Jill Stein’s presidential aspirations are probably more familiar to voters today. The American physician, activist, politician, was the Green Party’s nominee for President of the United States in 2012, and is running again in 2016. Blakemore notes that “in a raucous election year, Jill Stein’s 2012 presidential run felt more like an afterthought than a milestone. But in fact, Stein’s presidential candidacy was the most successful ever conducted by a woman.”

Stein appears to mean business again: in response to a recent Washington Post editorial that described her campaign as a “fairy tale,” Stein called the Clinton and Trump campaigns “nightmares.”

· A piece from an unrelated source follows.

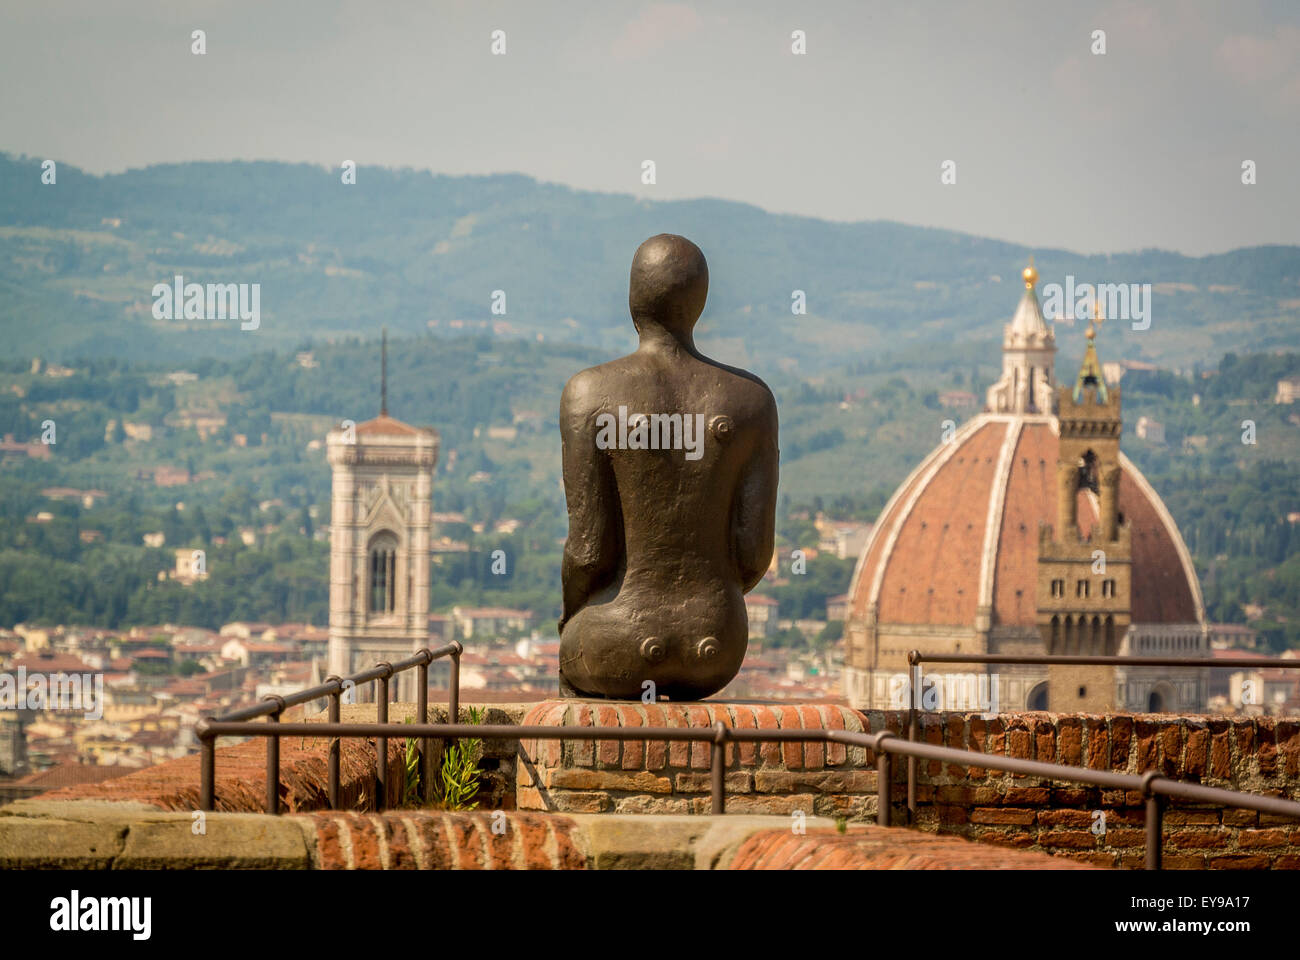 Cathédrale de Florence avec la sculpture d'un homme de fer d'Antony Gormley au premier plan. Photo de fort Belvedere, Florence. Partie de l'EXPOSITION HUMAINE. Banque D'Images

History notes that Victoria Woodhull is also remembered for her campaign to raise the hemlines of women’s skirts, making it easier for them to negotiate the muddy streets of the day. “She likely couldn’t imagine a candidate for president campaigning in pastel pants suits,” quips Felsenthal. Hillary Clinton’s run is, of course, history-making, while for many it is still part of a beginning. “If Hillary wins in November 2016, it will be, of course, a huge step for women,” writes Emily’s List founder Ellen R. Malcolm in her book, When Women Win. “But we must remember that if we achieve this once-unimaginable goal…it is still just one step on a much bigger journey.”